I get in the car, settling into the passenger seat of my Range Rover.
Sitting on this side in my own car is a little strange at first, but as I glance over at John, looking so confident as he grips my steering wheel, I realize how happy I am to be the one he’s driving around.
I could get used to this. It’s not much different from being driven around by my family’s drivers in the city, but it feels a whole lot more intimate knowing my man is the one in the driver’s seat.
He pulls out of the driveway, and I remember I never responded to him before he showered. “By the way, I was thinking about what you said earlier, and I’m totally down to try it.”
“Try what?” he grunts.
“You blindfolding me,” I remind him eagerly, and he chokes on a cough in response.
I lean over to try to hit his back with my hand, but there’s no room.
He seems okay though, so I continue. “I thought a lot about what you said while you were in the shower, and I think I might like that. The giving-up-control-to-you thing; it actually sounds really hot.”
“Please stop.”
“But I thought you said you liked—”
“Chad, I am driving,” he interrupts with that deep, commanding tone he gets sometimes that always makes me feel like I should fix my posture or something. I don’t think it’s supposed to make me feel so giddy too, but it does.

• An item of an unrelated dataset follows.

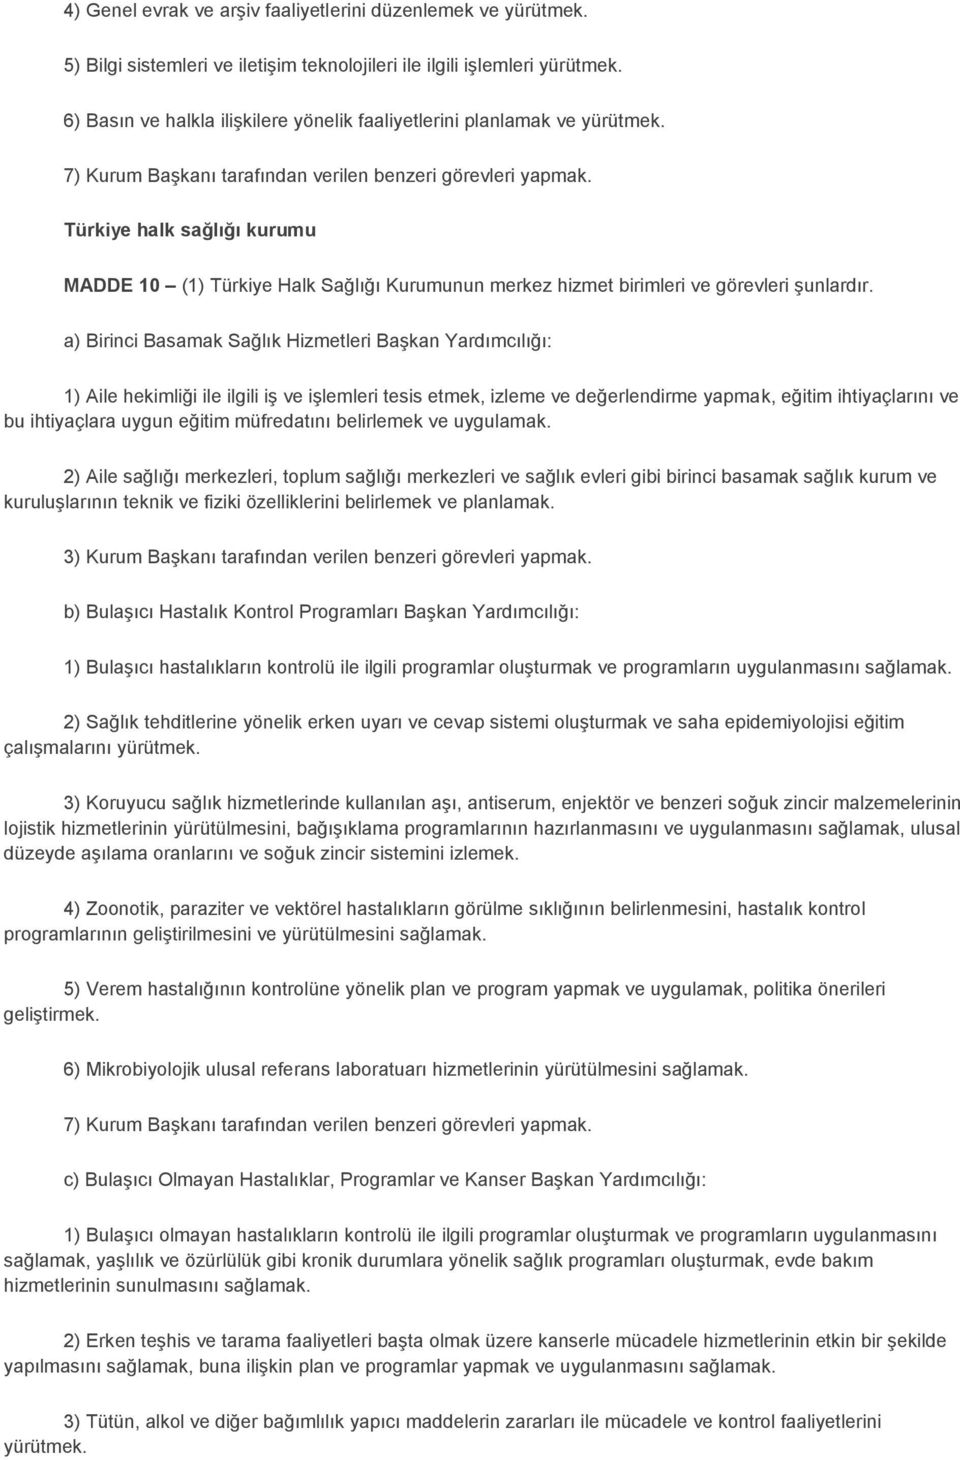 Türkiye halk sağlığı kurumu MADDE 10 (1) Türkiye Halk Sağlığı Kurumunun merkez hizmet birimleri ve görevleri şunlardır.

John’s so strong and confident, not to mention smart and skilled. I still can’t believe I get to spend my life with someone who’s so impressive. I don’t know how John was single, but he’s mine now, and I’m never letting him go.
He shifts slightly, pushing the palm of his hand against his dick, and it all immediately registers.
“Ohhh,” I respond knowingly. Pride washes over me as I realize I must’ve been turning him on, and that’s why he wanted me to stop. “Sorry, were you getting hard? I didn’t mean to distract you.”
But I’m not actually all that sorry. I love that he’s getting hard over only thoughts of me. My plan is working! I’m breaking down his walls already.
He mutters something under his breath, and I try to give him some time to relax. Now that I’ll see him every day, I don’t want to push too hard, but I did want him to be aware I know what’s going on.
Instead of continuing to draw attention to his erection and risk getting one myself, I connect my phone and put on music. I have no idea what John likes, so rather than ask, I decide to play my current obsession to gauge his interest—or disinterest.
He says nothing about my taste in music, though, just gives me a side-eyed glance, which I haven’t learned how to decipher as well as his grunts yet, so in my head, I’m going with “he likes it!” One more thing for us to bond over.
My smile is massive as my gaze wanders outside. This town is so different from the city, but that only makes me want to see more of it. When I’ve come to visit Blake before, we’ve mostly stayed on the farm. Now that this is going to be my home, I’m ready to start immersing myself more thoroughly.
Eventually, we pull up to the restaurant, and I realize it’s actually the one I’d planned to take us to. “Wait, how did you know I was going to come here?”
“This is the only semi-decent restaurant in town. Unless you planned on driving us even further away, this is the place to eat.”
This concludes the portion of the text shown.